When the days run together

Daily, influencers are telling us how to maximize our “quarantime.” They tell us the stocks we should purchase (none) and how we should have a hustler’s mindset. They tell us which podcasts to listen to and which books to read to become the next Bill Gates. Meanwhile, we’re fluctuating between being grateful for a break and being tired of the sameness we’re experiencing each day.

All the days seem to have run together and today feels more like March 32 than April 1. But are these influencers onto something? Should we follow their advice and use this time to dig deeper and develop ourselves?

Recently, I read an article about Keith LaMar. He is an inmate in Ohio who has spent more than 20 years in solitary confinement on death row. The steel space where he spends 23 hours alone each day is the size of a small closet or bathroom. Oprah and several other interviewers have reached out to Mr. LaMar with questions about how social distancing has impacted his life over the last several weeks. He simply equated social distancing with solitary confinement and gave his key to success: “you have to learn how to deal with yourself.”

“I’ve watched quite a few people fall apart, lose their minds. But I went in another direction. So 27 years later I’m still sound in mind and body and spirit. I attribute that to just reading and cultivating myself. That’s the thing, when you’re thrown upon yourself, you realize you are more equipped than you realized… It’s a good opportunity for people to tap into that.”

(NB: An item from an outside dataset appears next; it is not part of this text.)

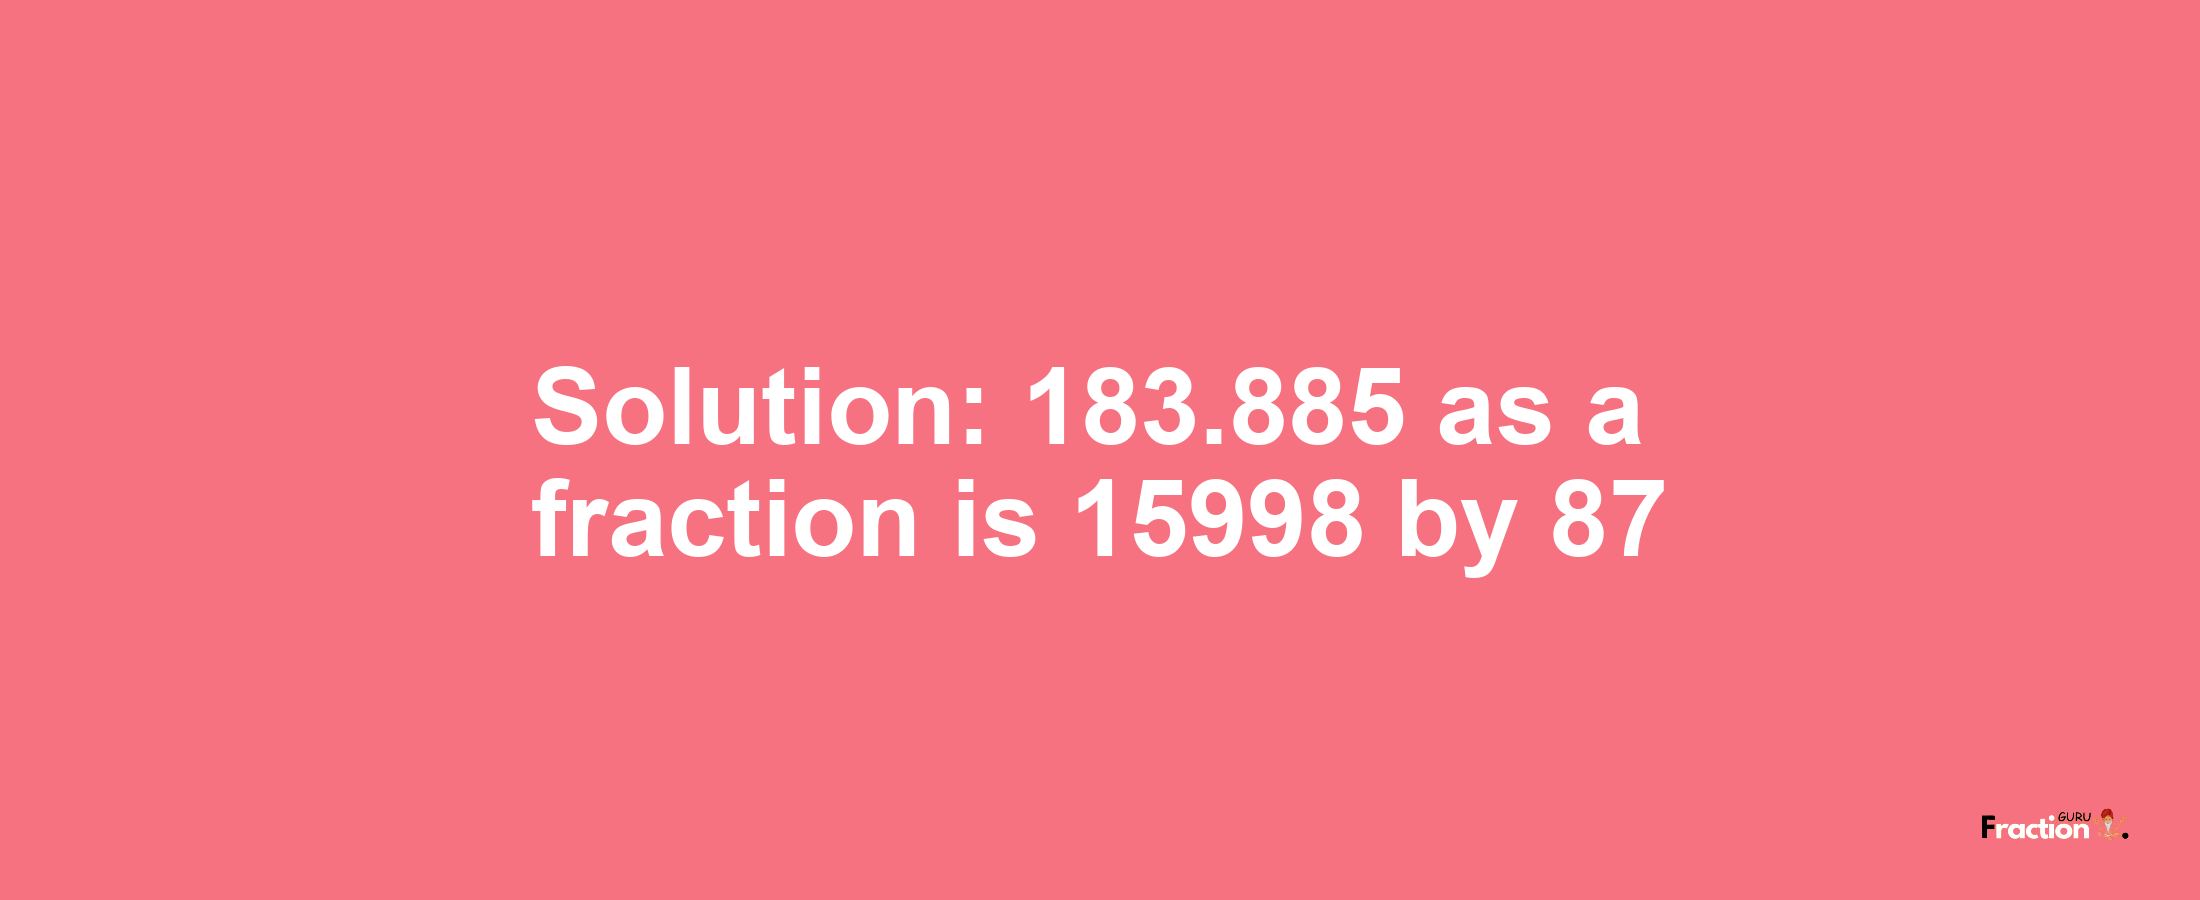 Solution:183.885 as a fraction is 15998/87

Keith LaMar as told to Samantha Michaels for Mother Jones

Our social world has indeed been thrown on itself. Generations of extroverts whose lives are filled with distractions are now being forced to deal with themselves in the most intimate of ways and with no escape. Social distancing has forced us to confront ourselves and the lies we’ve told about ourselves. Our inadequacies, strengths, quirks and limitations are on full display to us and our loved ones in our homes.

While this may seem like a negative thing, it’s just the opposite. Being faced with ourselves gives us the opportunity to change and improve. We have time and space to decide to be better and actually become better.

How many of us began 2020 with goals of improving our health, launching businesses and reading more? Maybe you wanted to be more spiritual or grow professionally. This big blip in time is giving you the chance to do those things!

Mr. Lamar will never see the outside of the Southern Ohio Correctional Facility in this lifetime. But that hasn’t stopped him from learning, writing and practicing yoga.

Most of our spaces are larger than Mr. Lamar’s, and we’re blessed to share these spaces with others. We have the ability to make small or large changes that will allow us to leave our quarantime better than we began. We can choose sameness and monotony, or we can choose growth and development.

I choose the latter, and I’m starting now.